In this post we discuss elaborately an automatic solar charger circuit using a single transistor relay circuit.
Simple Charger using a Battery and Solar panel
A solar panel can certainly be applied to directly charge a battery with virtually no other elements. Just hook up the panel with the battery and it can charge once the panel begins getting dazzling sunshine - offering the panel a voltage of minimum 30% to 50% more than battery power you might be charging.
Below is a few remarkable information:
The voltage from the solar panel is not important and the voltage of the battery really does not make a difference. You are able to hook up any solar panel to any battery - ensuring the solar panel constitutes a voltage minimum 30% to 50% higher than the battery you might be charging.
The output voltage of the solar panel may only adjust to the voltage from the battery. Despite the fact that there exists a voltage mis-match, there isn't any "missing" or thrown away energy.
A good 18v solar panel "runs into" a 12v battery using the optimum current it could possibly generate once the strength of the sunlight is a highest.
To avoid an excessive amount of mis-match, it is strongly recommended you keep the panel voltage to inside 150% of the battery voltage. (6v battery - 9v utmost solar panel, 12v battery - 18v optimum panel, 24v battery - 36v spork panel).
However below is the key factor: In order to avoid overcharging of the battery, the wattage of the solar panel is extremely important.
When the wattage of your 18v panel is 10watts, the current is 10/18 = 0.55 amps = 550mA.
To counteract overcharging a battery pack, the charging current must not be greater than one-tenth its amp-hr capacity.
In particular, a 2,000mAhr group of cells must not be charged at a level beyond 200mA for 14 hours. This can be referred to as its 14-hour rate.
Yet this rating can be a CONSTANT RATING as a solar panel delivers an output for approximately 8 hours each day, you are able to boost the charging current to 550mA for Eight hours. This may provide the power to completely charge the cells.
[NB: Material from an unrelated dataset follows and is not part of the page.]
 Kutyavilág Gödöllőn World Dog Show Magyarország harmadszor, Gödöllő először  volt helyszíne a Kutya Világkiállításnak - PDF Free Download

For this reason a 10 watt solar panel could be directly attached to a group of (practically fully discharged) 2,000mAhr cells.
For a 12v 1.2AHr battery, the charging current is going to be 100mA for 12 hours or 330mA for 4 hours along with a regulator circuit is going to be necessary to protect against overcharging.
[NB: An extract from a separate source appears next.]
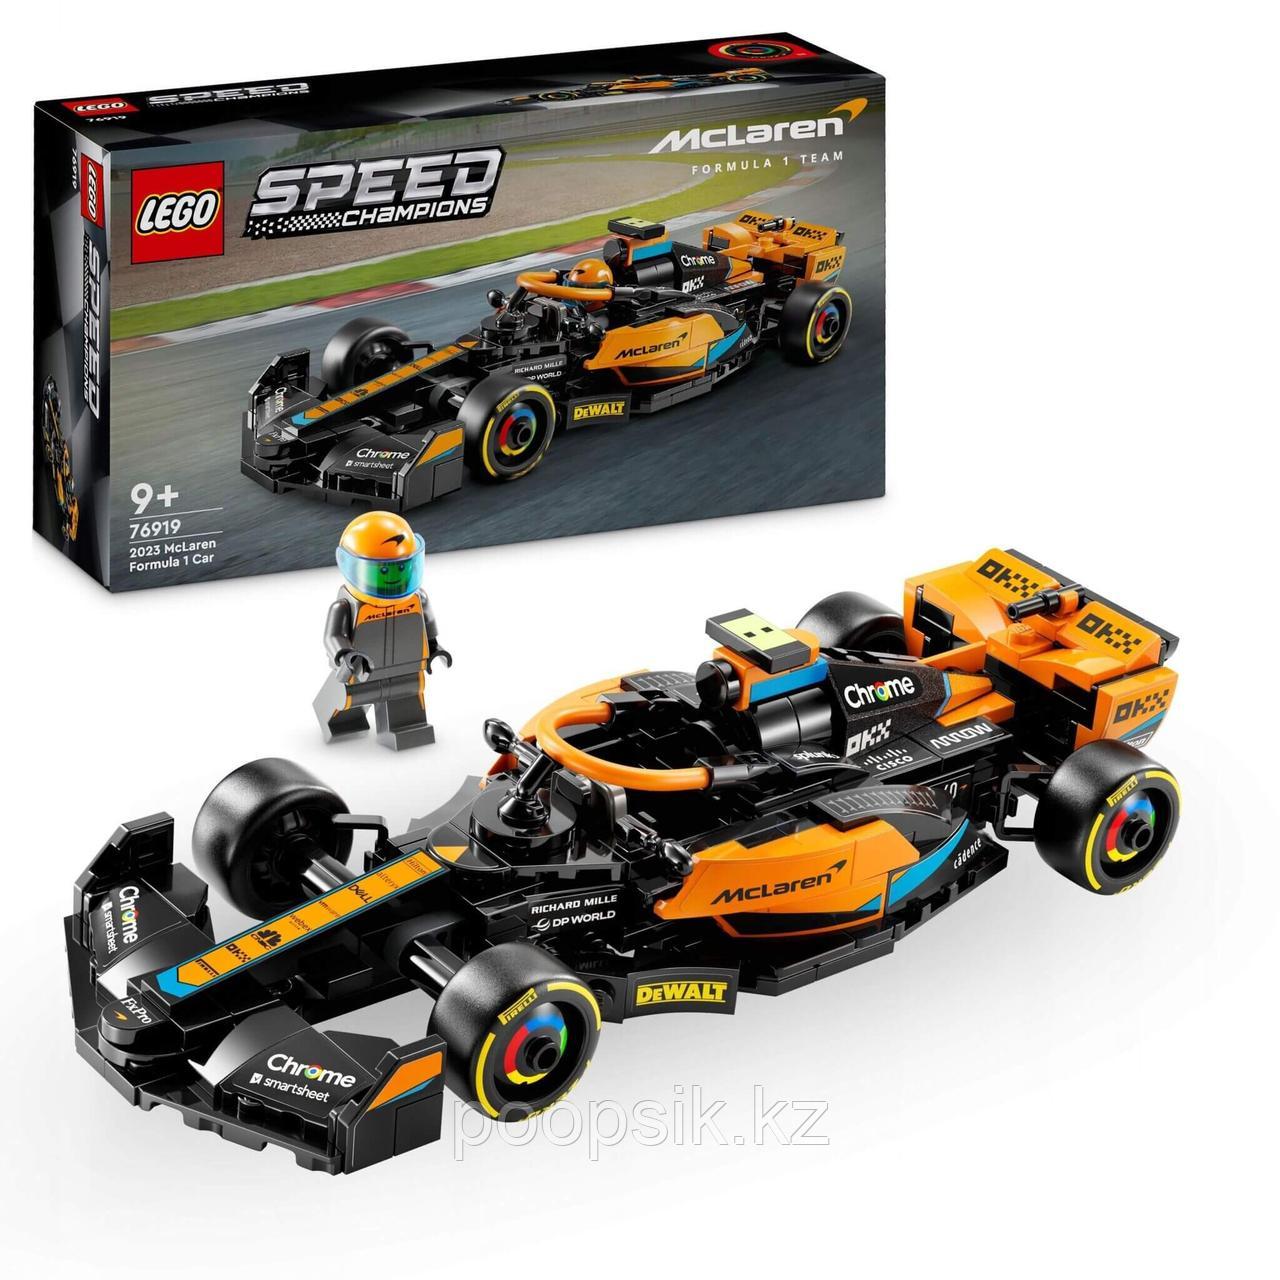 Lego Speed Champions Гоночный автомобиль Формулы 1 McLaren 76919

For any 12v 4.5AHr battery, the charging current is going to be 375mA for Half of the day and a bigger solar panel is going to be necessary.
The Role of a Blocking Diode
Some solar panels may discharge the battery (a touch) while it isn't obtaining sunlight and a diode is usually included with to protect against self discharge.
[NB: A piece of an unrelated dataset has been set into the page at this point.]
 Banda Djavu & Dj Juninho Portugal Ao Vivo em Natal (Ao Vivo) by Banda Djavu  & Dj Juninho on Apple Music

This diode lowers 0.6v once the panel is working and can cut down the ideal current (somewhat) while the solar panel is charging the battery. In case the diode is Schottky, the voltage-drop can be 0.35v.
Some solar panels incorporate this diode - known as BYPASS DIODE.
How to Stop Overcharging
You will find a couple of methods to protect against overcharging the battery.
1. Discharge the battery practically thoroughly every night and make use of a solar panel which will mainly offer 120% of the amp-hour capacity of the battery the next day.
2. Put in a VOLTAGE REGULATOR.
Here is the most basic and least expensive regulator to charge a 12v battery.
The solar panel should have the ability to generate a minimum of 16v on NO LOAD. (25-28 cells). The diagram simply exhibits a 24 cell solar panel - it ought to be 28 cells.
The one other factor you need to think about is the wattage of the solar panel. This can count on how quickly you would like to charge the battery and/or just how much power you take out through the battery every day and/or the amp-Hr capacity from the battery.
As an example, a 12v 1.2A-Hr battery consists of 14watt-hours of electricity. An 6watt panel (16v to 18v) may give you 18watt-hours (in glowing sunshine) in Three hours. The battery will probably be totally charged in 3 hours.